● **WHAT YOU NEED TO DO**:
Your task is to restate word for word the lines in the material below, from the one with "- Zoekertje 1324761" up to and including the one with "China good design award winner Certificate". Do not carry over the pictures.

● **SOURCE RECORDS**:

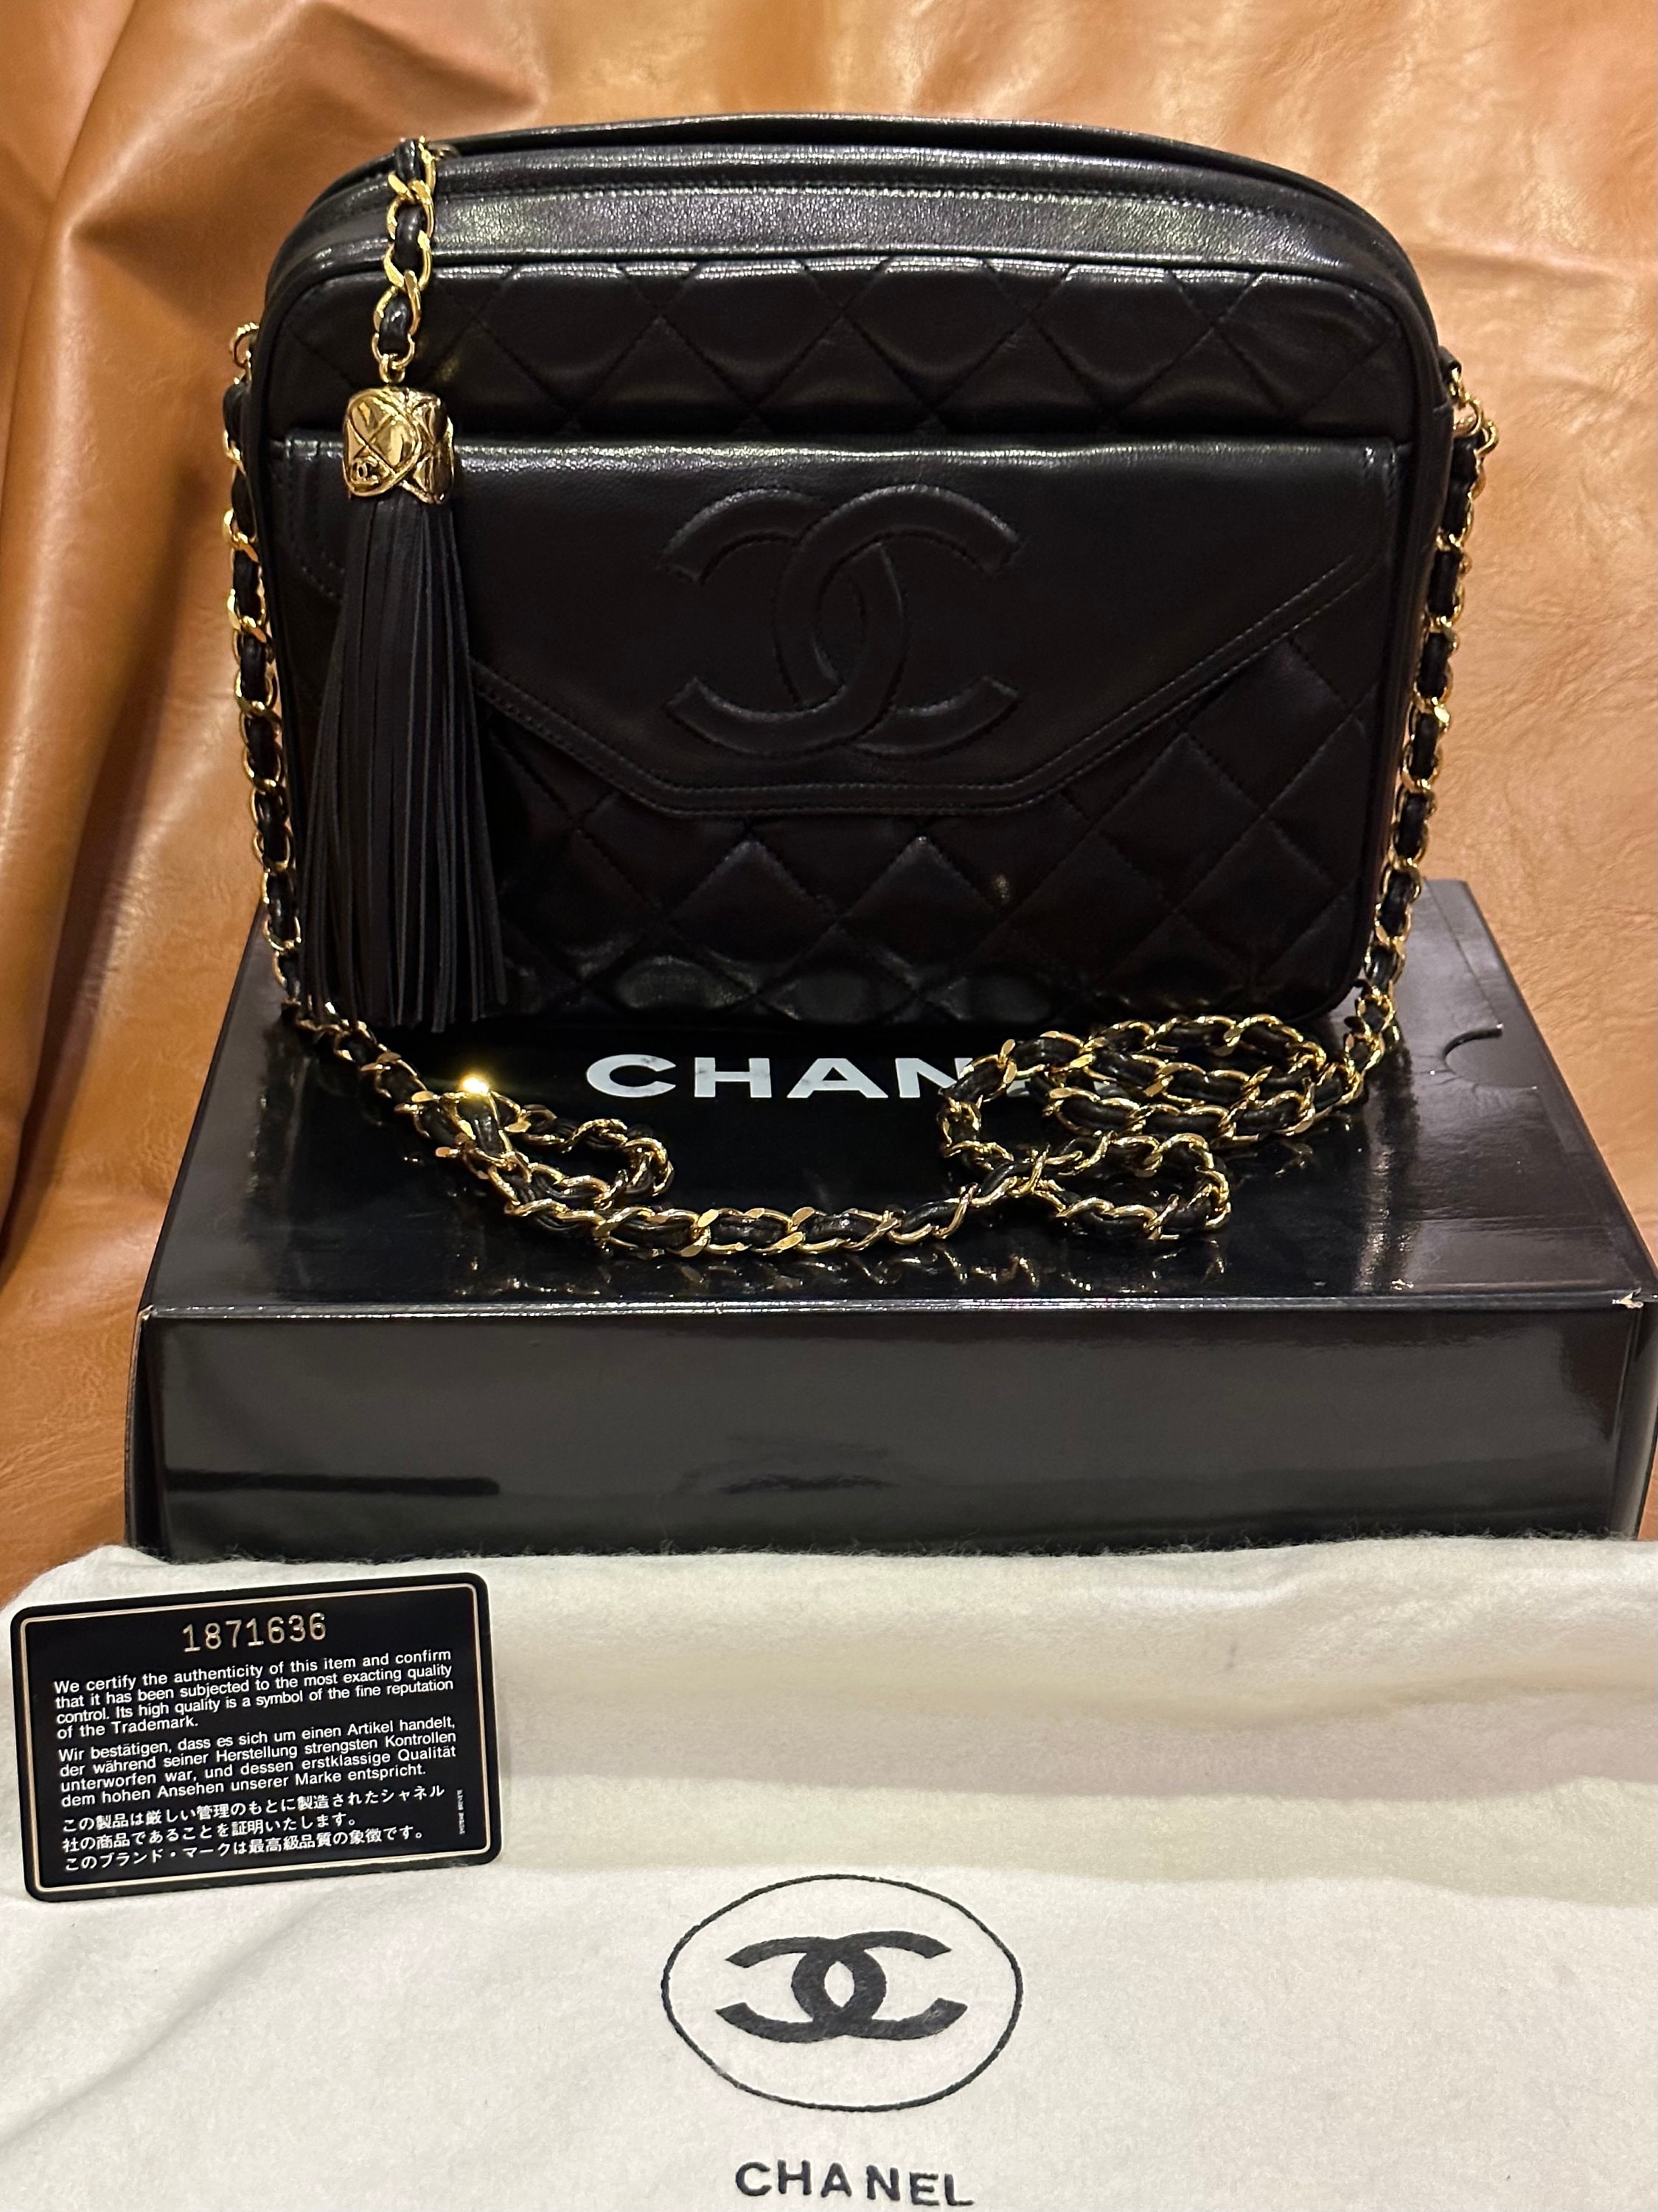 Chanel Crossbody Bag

...

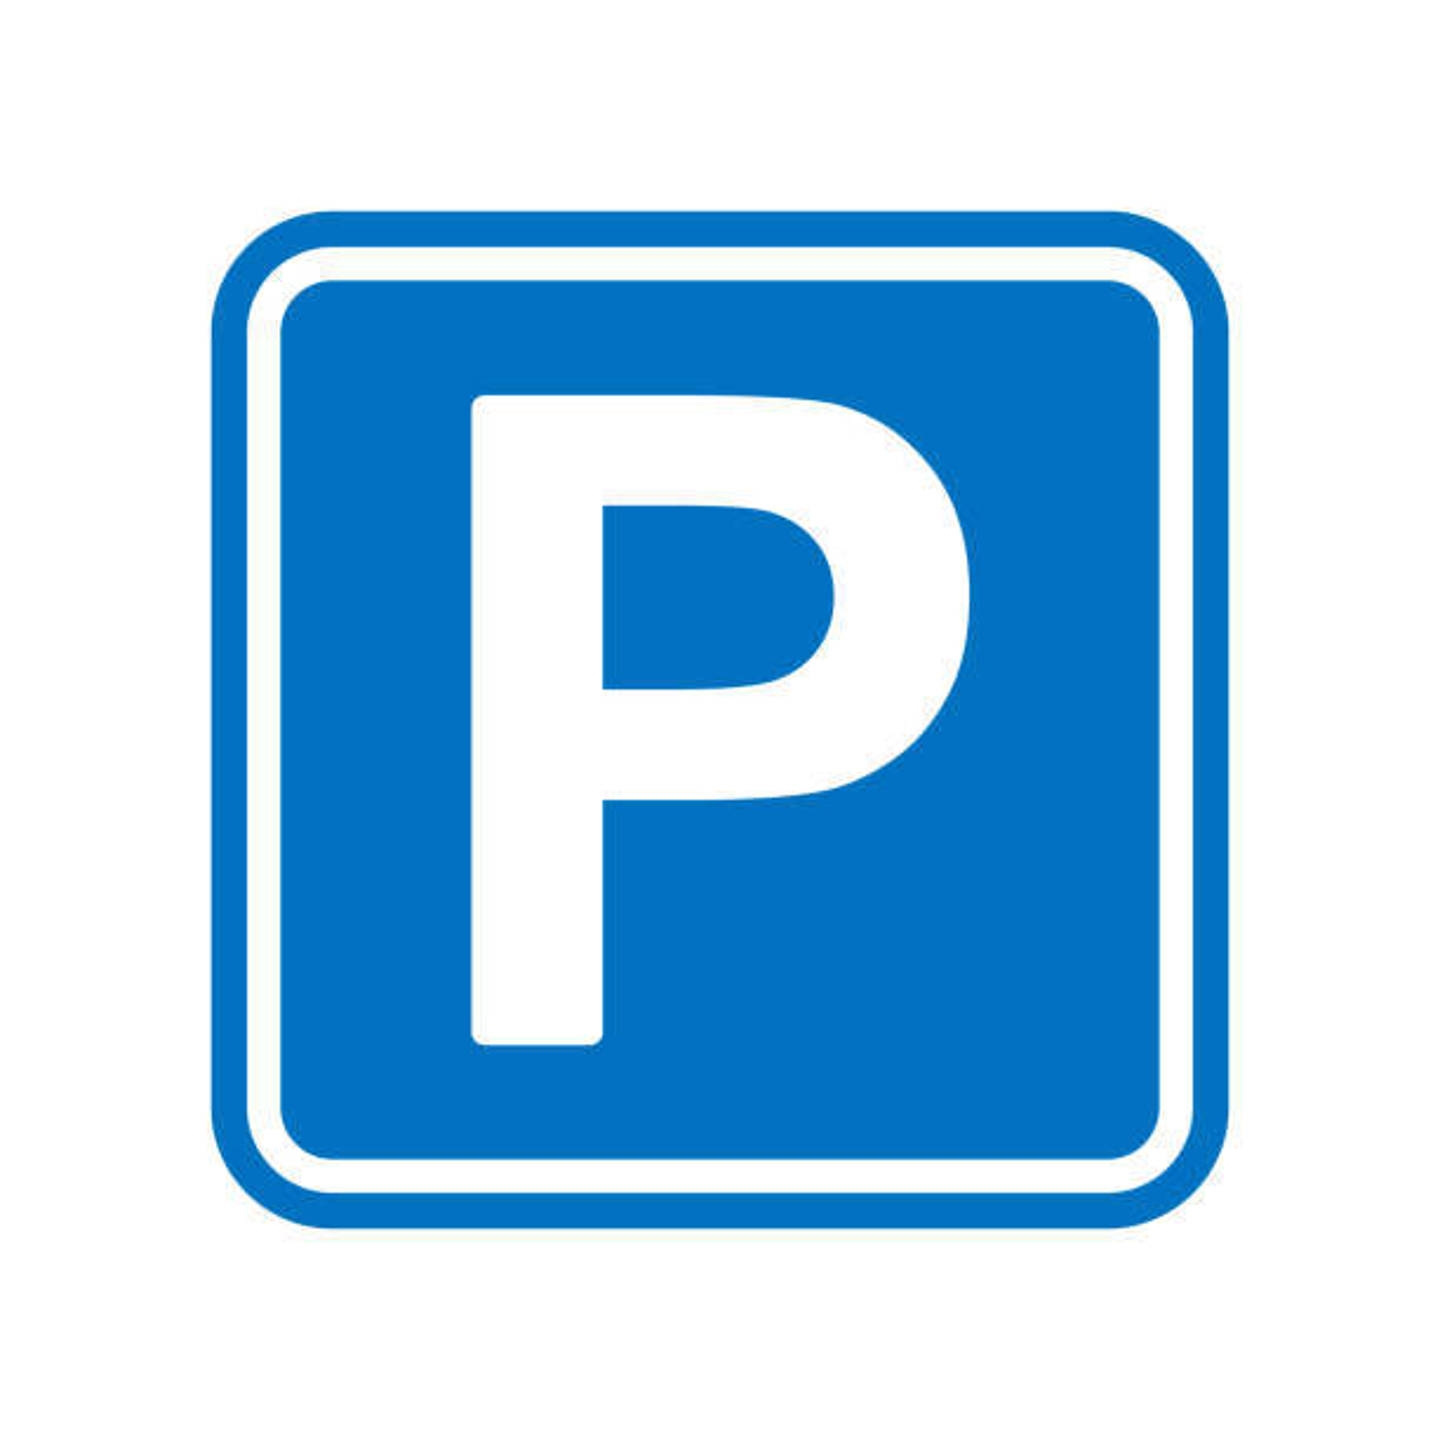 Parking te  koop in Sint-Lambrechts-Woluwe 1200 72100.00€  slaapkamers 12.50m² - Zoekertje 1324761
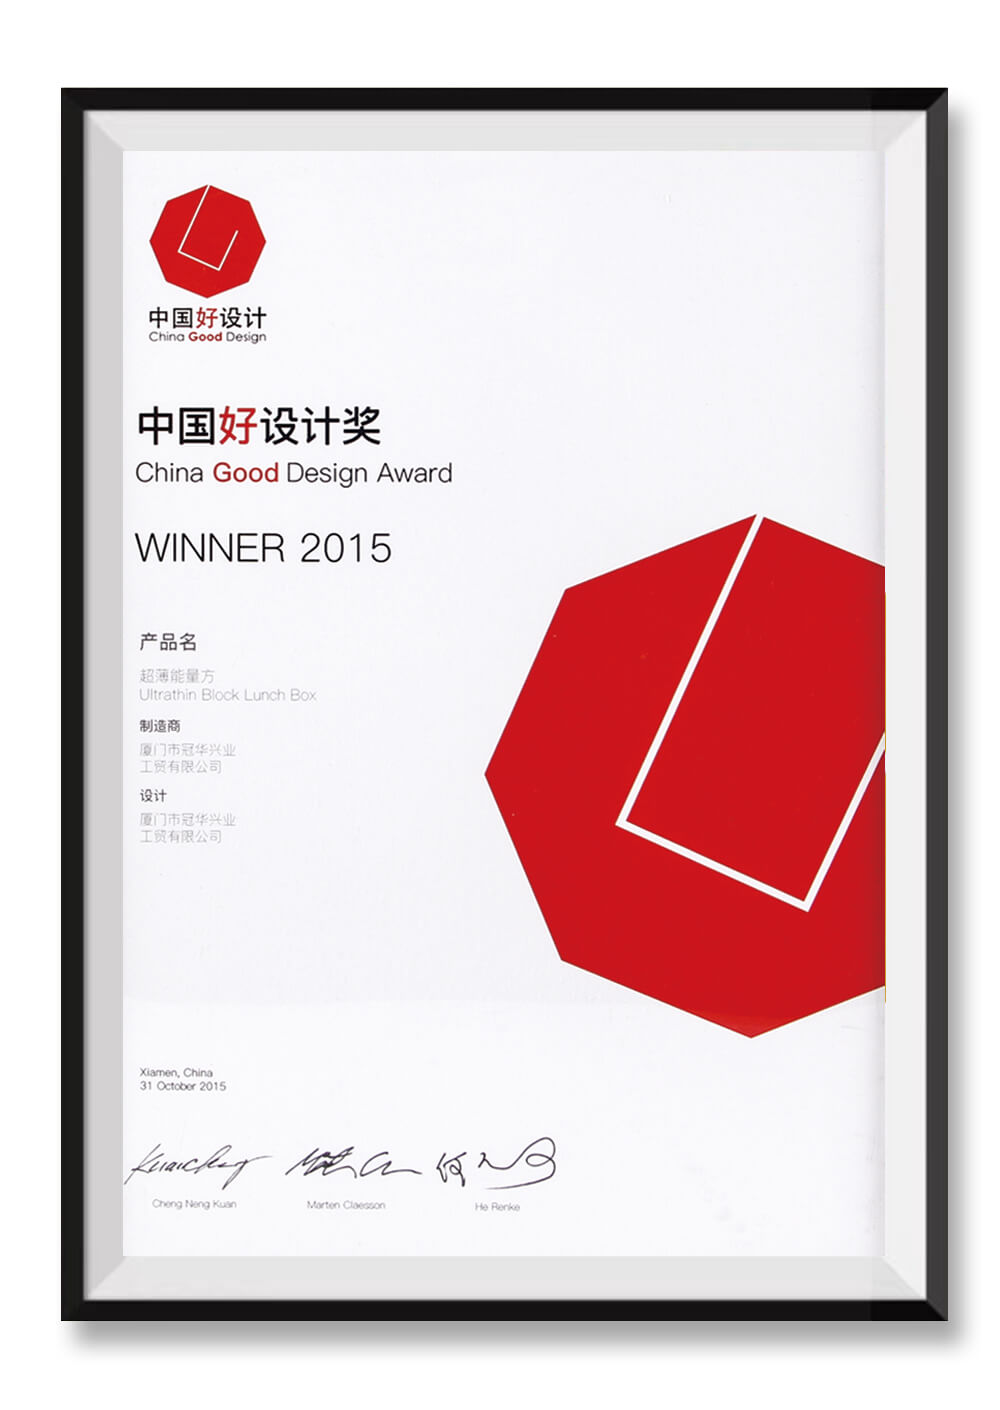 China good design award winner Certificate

● **ANSWER TO THE PROBLEM**:
 Parking te  koop in Sint-Lambrechts-Woluwe 1200 72100.00€  slaapkamers 12.50m² - Zoekertje 1324761
 China good design award winner Certificate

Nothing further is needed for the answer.